Revenge of the thin
The anti-obesity establishment strikes back:
The new federal study suggesting that people tend to live longer if they are slightly overweight was challenged yesterday by scientists from the Harvard School of Public Health and the American Cancer Society as well as a heart disease researcher.It is a bit unusual for the response to come in a press conference, as opposed to, say, a letter to the journal where the original study was published. As I've blogged about at length, his study is very different from the received wisdom on weight and longevity, but it was a very good study.
In a seminar and news conference yesterday at the public health school, in Boston, the critics said other studies, including their own, had found that the death risk from excess pounds increased continuously from normal weight to overweight to obesity.
The leaders of the insurgency are not backing down:
Another reason for the differing conclusions, Dr. Flegal and Dr. Williamson said, may be that the Harvard and cancer society researchers excluded large numbers of subjects from their analysis for one reason or another; one analysis of the nurses' study excluded nearly 90 percent of the deaths, Dr. Flegal said.In these kinds of arguments, people too often forget that we should be searching for the correct answer, not defending what we think should be true.Or, she added, the federal researchers, who used actual measured weights and heights, not self-reported ones, may have had more accurate numbers to work with.
My sense is that dramatic improvements in caring for diabetes and heart disease have made obesity much less of a predictor of mortality than it was in the past, and therefore, the new study is closest to the actual truth.

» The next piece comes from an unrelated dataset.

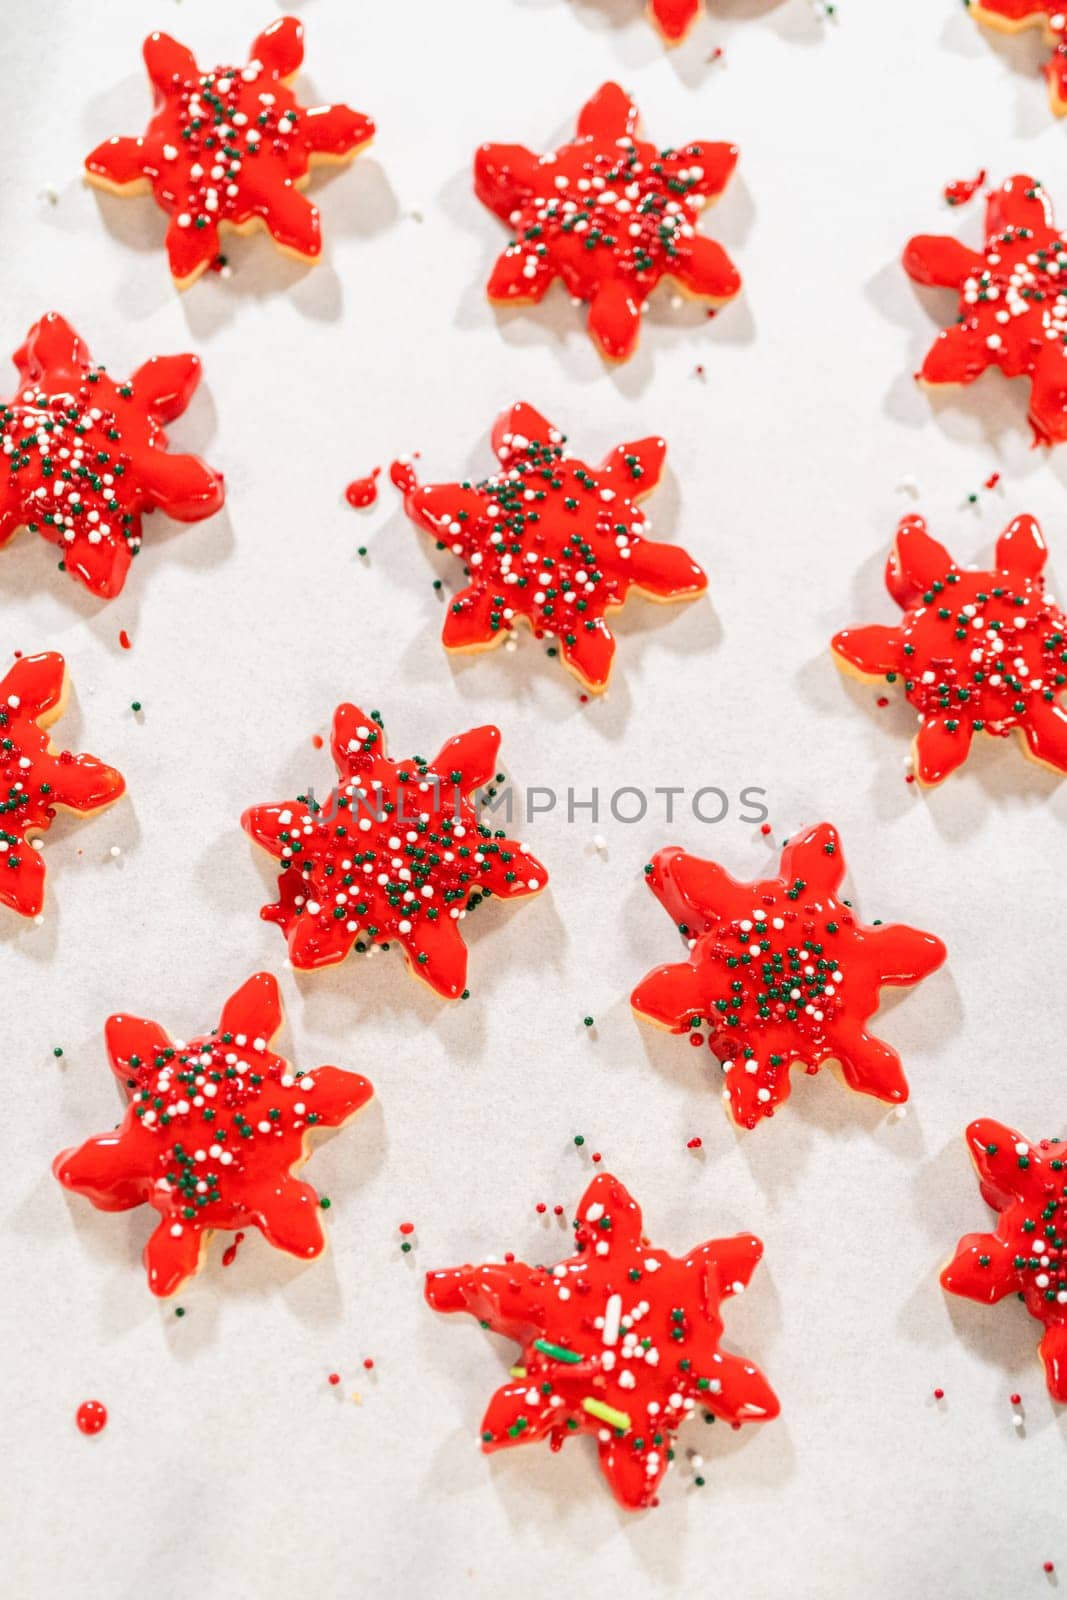 Red Iced Star Cookies with Green Sprinkles, Holiday Baking by arinahabich
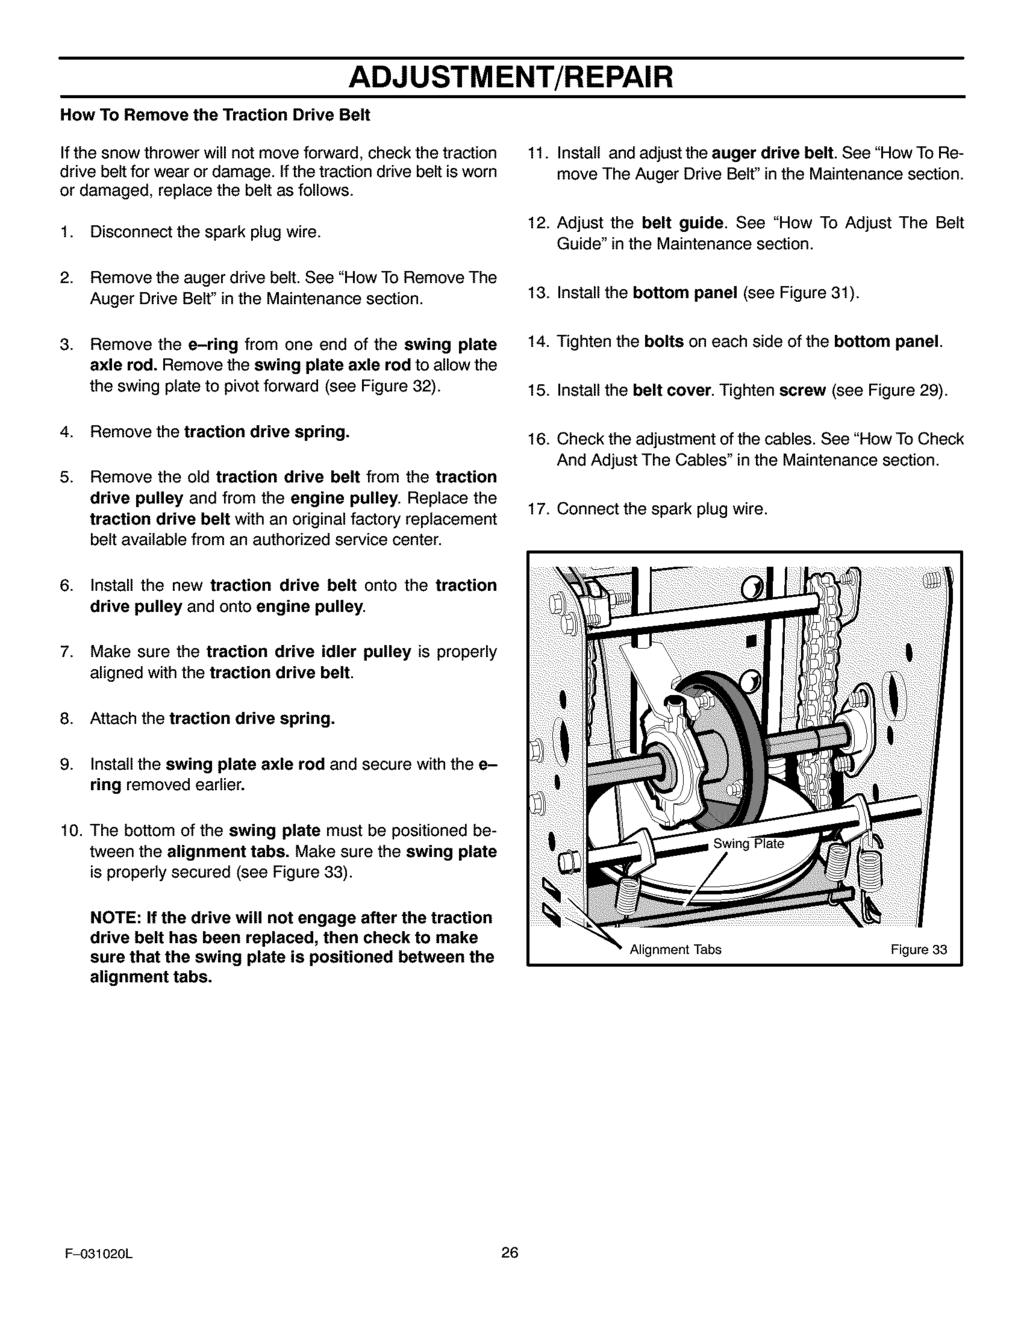 How To Remove the Traction Drive Belt ADJUSTMENT/REPAIR If the snow thrower will not move forward, check the traction drive belt for wear or damage.

This won't be the last we hear of this.
2 Comments:
Andy,
If we could get everyone to approach every problem in the world according to these great words that you just wrote, I think we'd be living in a much better world:
"In these kinds of arguments, people too often forget that we should be searching for the correct answer, not defending what we think should be true."
Yeah, it would be great if we could get the current administationt to think in this way! :-)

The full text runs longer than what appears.